Survival International – India’s Supreme Court has today dealt a devastating blow to the Dongria Kondh tribe by giving British FTSE 100 company Vedanta permission to mine their sacred mountain. The tribe say the mine will destroy their way of life forever. Vedanta’s subsidiary Sterlite plans to mine for bauxite, the raw material for aluminium, from Niyamgiri mountain in Orissa, eastern India. Vedanta is majority owned by London-based Indian billionaire Anil Agarwal. The Dongria Kondh say the huge open cast mine will destroy a vast swathe of untouched forest, and will reduce their most sacred site to an industrial wasteland. Last month, thirty Dongria Kondh men blockaded a road that is being built through their forest towards the site of the proposed mine. The tribe say they will stage mass protests if mining goes ahead.

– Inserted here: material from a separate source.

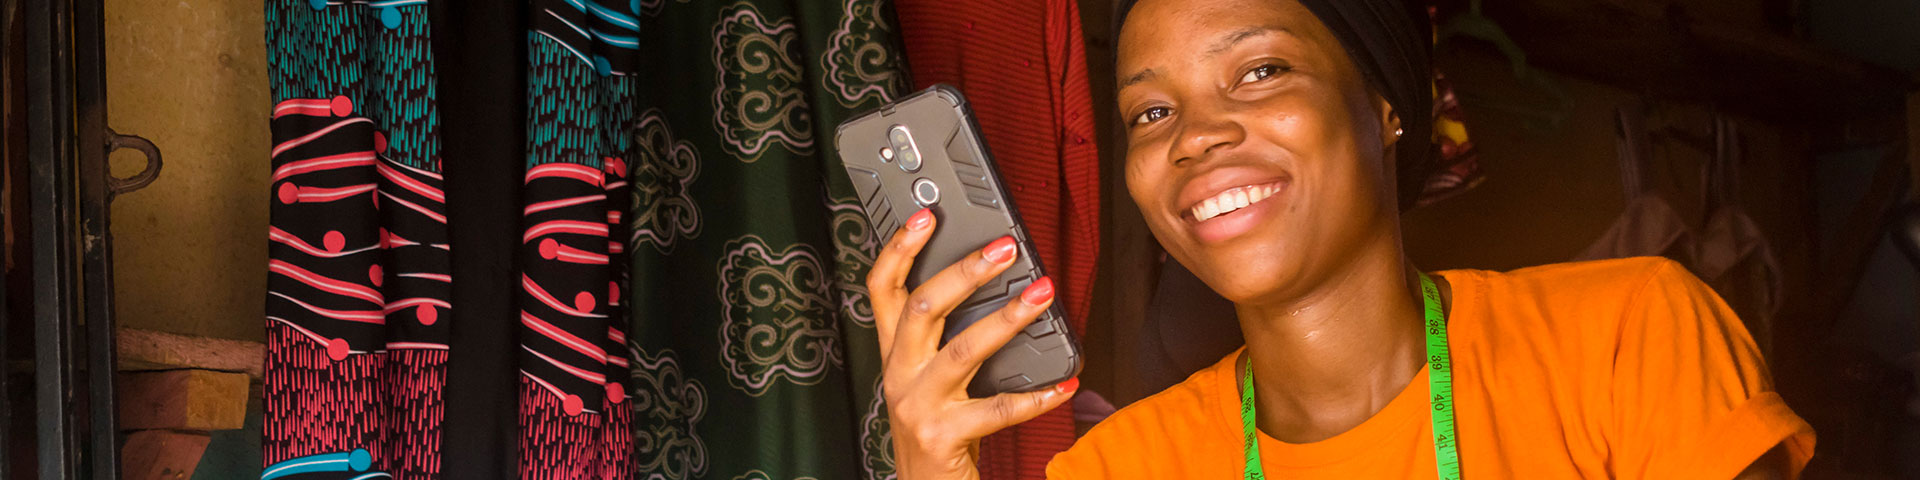 Eine junge afrikanische Frau hält lächelnd ein Handy in der Hand

The Dongria Kondh cannot appeal this decision by the Supreme Court, but they plan to submit another petition to the Court focusing on the ways in which the mine will violate their cultural and religious rights.
Dongria spokesperson Jitu Jakesika said, ‘We will become beggars if the company destroys our mountain and our forest so that they can make money. We will give our lives for our mountain.’
Tribals say the mines will destroy their livelihoods
BBC NEWS – The Indian Supreme Court has allowed the British company Vedanta Resources to go ahead with a controversial bauxite mining project in Orissa state. But, the court said, the company will have to pay for the development of the region out of its profits. The region is considered sacred by tribes who live in the area and is protected by the constitution. The Supreme Court has also allowed South Korean steel firm Posco to build a $12 billion plant in the same state. Environmental and tribal activists have opposed Vedanta’s plans saying the mines will force people from their homes and destroy their livelihoods. The tribes have said they would “fight to the death rather than leave their sacred home” in the Niyamgiri mountains.
The company has an agreement with the state government to set up a bauxite
refinery in the Niyamgiri mountains.
In India, both the state and central government back the Vedanta plan as part of efforts to industrialise and exploit the mineral resources of ‘underdeveloped’ eastern India.
The Supreme Court told the Indian unit of Vedanta, Sterlite Industries, that it will have to pay 10% of its profits or 100m rupees (whichever is more) for the development of the region.
“Even if you kill us we will not give Niyamgiri,” said one tribal member Jairam, in a press statement released on the tribe’s behalf by British charity ActionAid.
Another member of the tribe, Jitu Jakeskia, said: “We are deeply connected with the mountain. It is home to our God Niyamraja.
“We will not allow the company to mine our land, our sacred place. Any compensation they offer is worthless to us.”
The Indian and Orissan governments both back the Vedanta plan as part of efforts to industrialise and exploit mineral resources in the east of the country, which they say is under-developed.
Steel jobs
The giant Posco project in Orissa is the country’s biggest direct foreign investment.
It has faced stiff opposition for more than two years from local farmers who are angry over losing their land.
“Posco is permitted to continue the iron ore mining,” the Supreme Court said.
Reuters reported that Posco had so far been able to acquire about a quarter of the 4,000 acres it says it needs for the plant.
The court gave it the green light to use another 3,000 acres of forest land, the agency reported.
Critics say the plant could displace 20,000 people. The company and the government argue that badly-needed jobs will be created in a poor part of the country.